During my ordination process, I served as an intern at St. John’s in a rough part of the Mission neighborhood of San Francisco. Their parish was home to many unhoused people or people living in subsidized housing. Many of them couldn’t afford to feed themselves, but they were faithful members of that community. Even if they gave ten percent of their income, which would be unjust frankly, their ten percent would never be able to pay for a full time rector. Meanwhile, many churches in wealthier areas, in that diocese and ours and many, if not most, dioceses, have staggering pledges, staggering endowments. Some could pay a full-time priest—or two full-time priests—on the investment returns alone.

The one historically Black church in our diocese, St. Philip the Deacon, in a neighborhood that used to be, well, historically Black but has now become another unaffordable neighborhood in Portland, is struggling for its survival just as St. John’s is. Our Latino congregation in the Metro Area, Santa Cruz, left behind its building in Boring several years ago. In order to keep their community alive, they had to give up their physical space because they couldn’t afford it. They now worship just down the street from us at Trinity Lutheran who rents them worship space.

What would Jesus think of how our capital-C church is set up? Would he turn tables and wield a whip because of these vast injustices?

This is our own modern money-changer-in-the-temple system. It wasn’t new then, and it’s not new now. Which is a relief in some ways—we didn’t invent injustice—but it’s also deeply distressing. Two thousand years later, two thousand years of living with Jesus’ message, both his words and the message of his death and resurrection, and we’re still stuck in systems that keep the wealthy comfortable and the impoverished with their heads barely above water.

How do we reform such a structure? Honestly, I think it’s what we’ve been talking about the last two weeks. By acknowledging our relationship with one another, our at-one-ment. And by being willing to live God’s love by atoning, by taking up our cross.

Of all places, of all people, communities who claim to follow Jesus should be doing things differently. I think that’s what Jesus would say to us today. Live our gospel truth, not just in theory but in our actual ways of being. Lose our life for the sake of the Body of Christ, and for the sake of the gospel, to save it.

Imagine if those wealthier churches dipped deeply into their endowments to help parishes in marginalized communities—to repair their buildings, to hire a full-time rector to build up their community.

And listen, all of us at some point in our lives have been in a position of need before. We have all been marginalized and impoverished—financially, physically, emotionally, spiritually. We’ve all had to ask for help, hoping that someone would be willing to give of their abundance so that we may experience healing, belonging, and love. That’s what the people who come into our red doors are looking for. It’s what the people who come to our church building for recovery groups are looking for.

And all of us at some point in our lives have been in the position of abundance, and we could choose to share that abundance when we saw others in need—or not to.
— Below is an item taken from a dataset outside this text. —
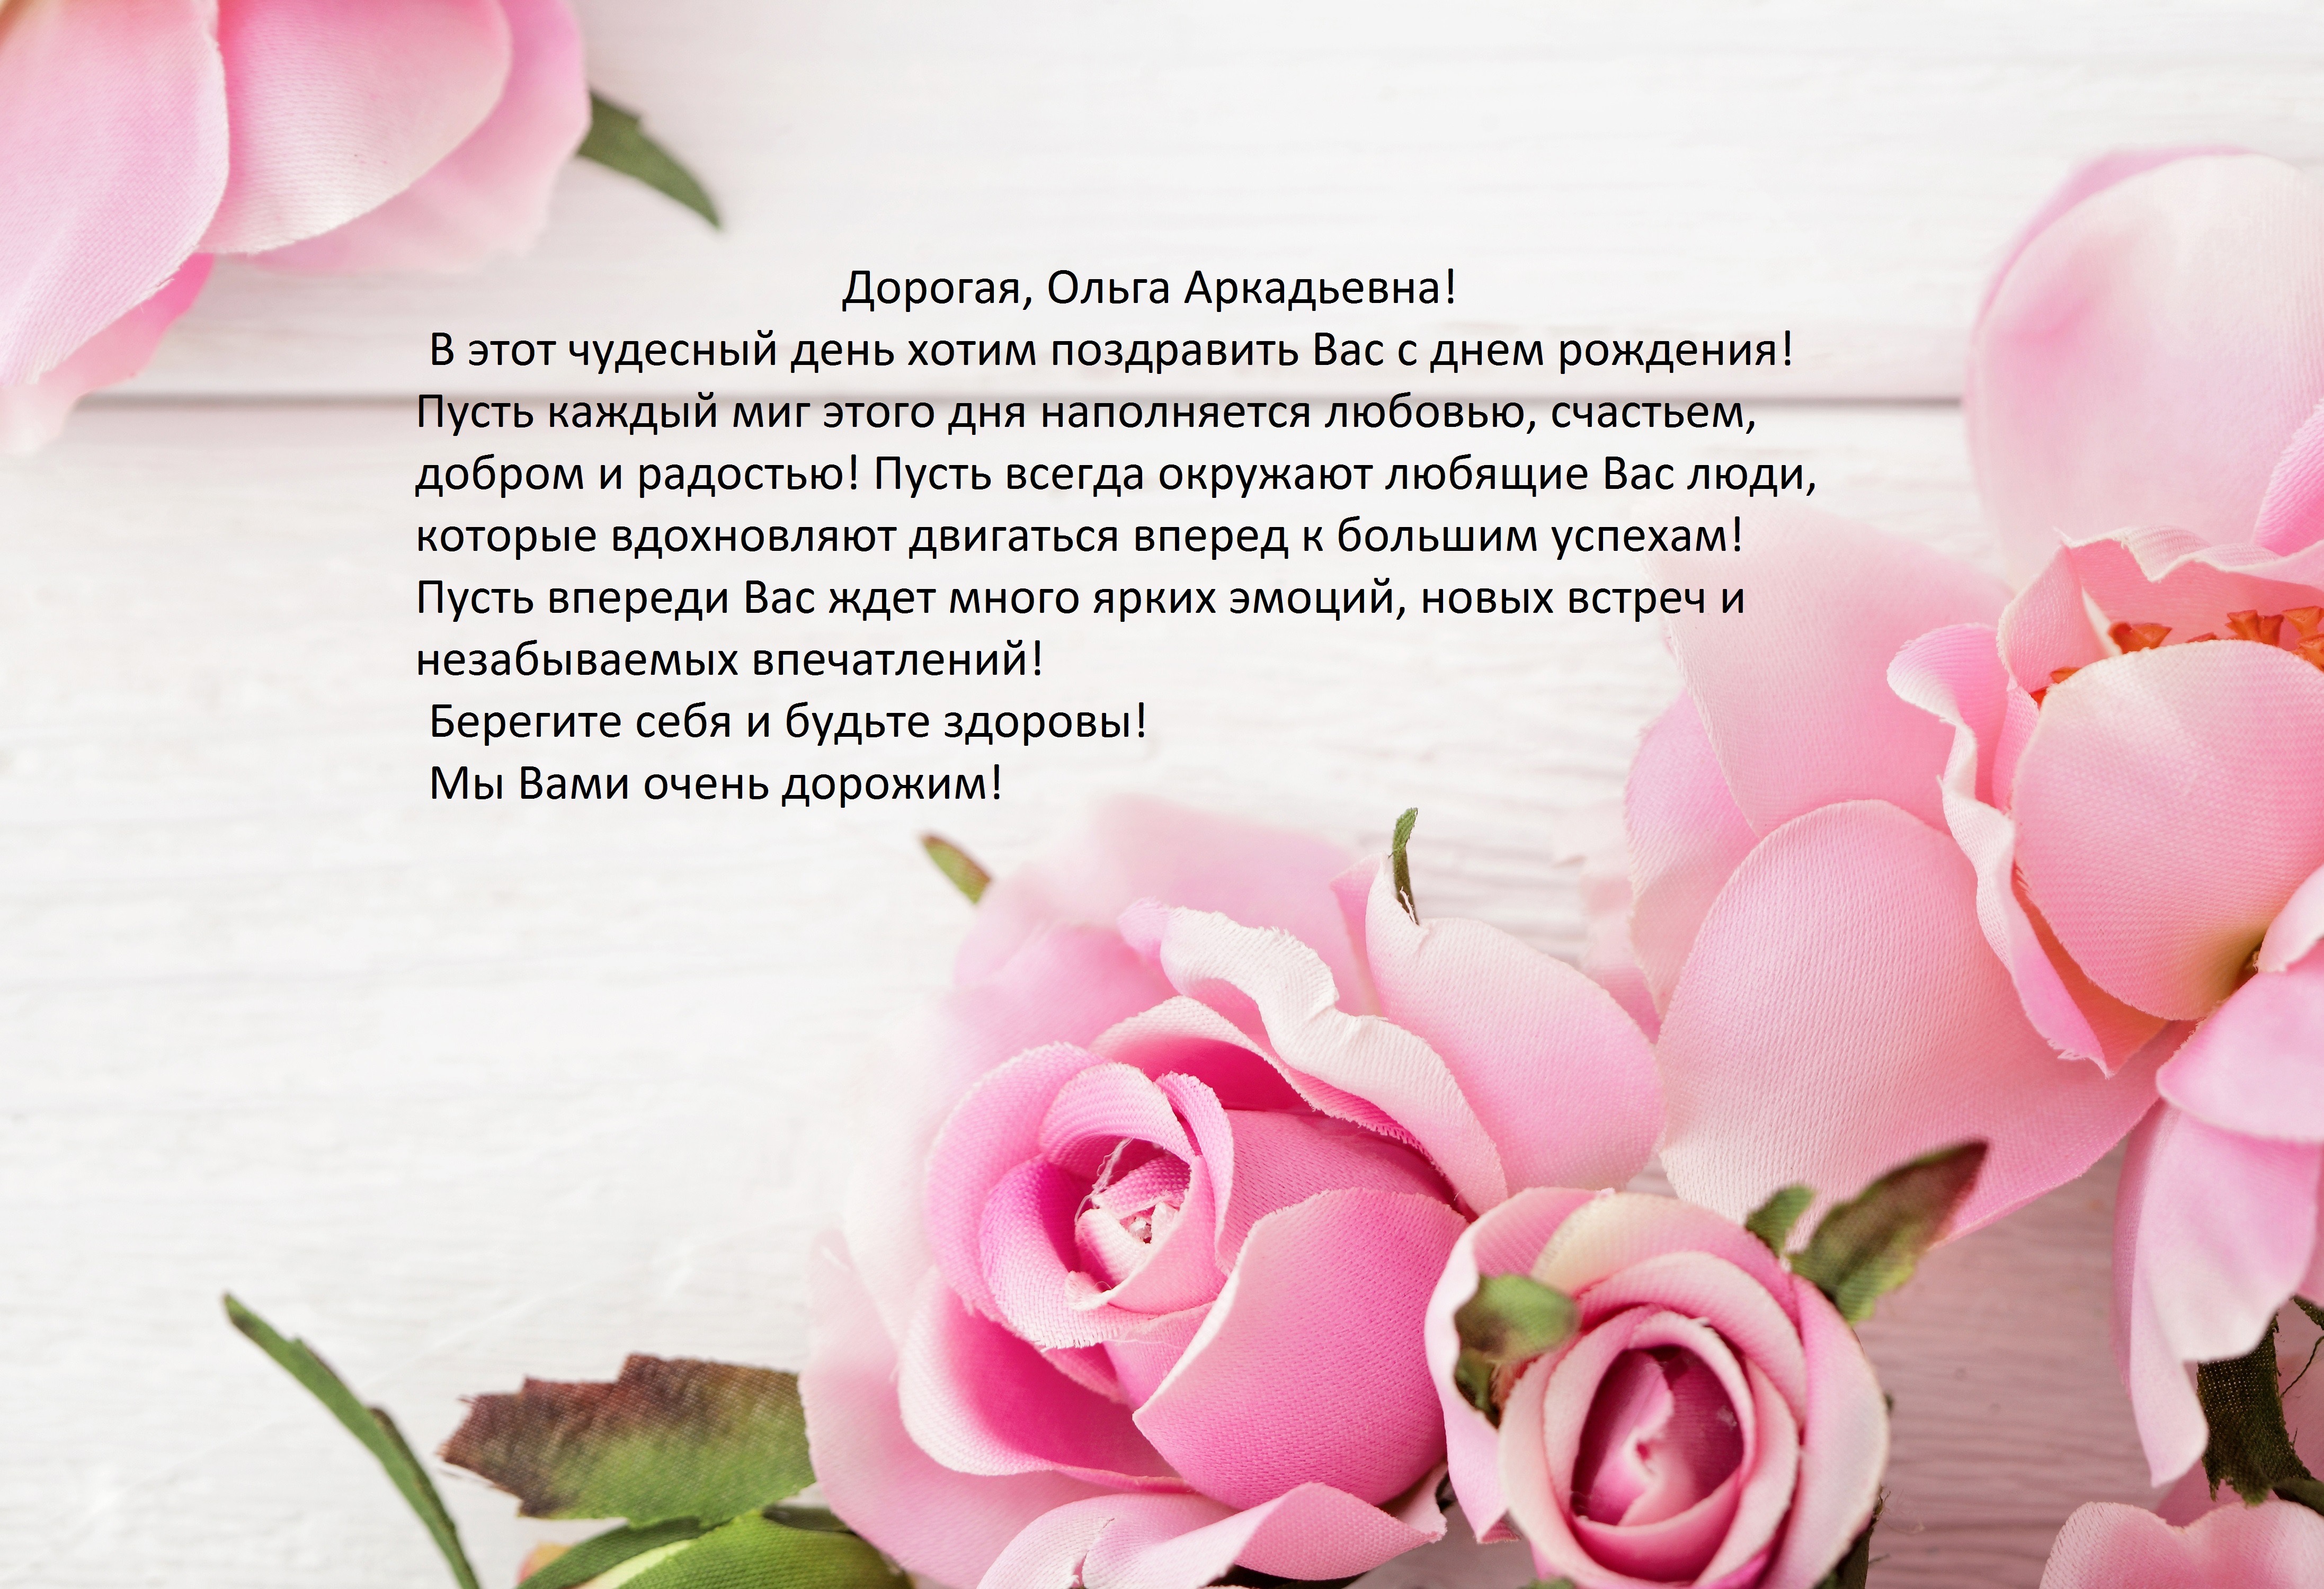 Сегодня, 22 марта, день рождения Ольги Аркадьевны Сулеймановой, члена совета нашей школы!

What would happen if those of us who right now have more—a little more or a lot more—really stepped up so that those of us who are in need right now could have a place of healing, belonging, and love? What if abundance isn’t really abundance unless it is shared, unless it is sacrificed, so that we may all experience resurrection?

After all, that’s what Jesus taught us. It’s what Jesus demonstrated for us with his very being. Jesus answered them, “Destroy this temple, and in three days I will raise it up.”

Do we really believe that?

Do we really believe that if we risk destroying the temple, if we tear down the walls of the structures and systems that we think are unbreakable, that we think protect us, that Christ will rise out of that rubble, and that we, his Body, will rise with him?

Do we really believe that?

Do we really believe that if we risk sharing our abundance for the sake of the Body of Christ, for the sake of each other, that we will, all of us, experience healing, belonging, and love?

Do we really believe it?

May our very lives—our thoughts, our words, and especially our deeds—bear witness to our belief. Amen.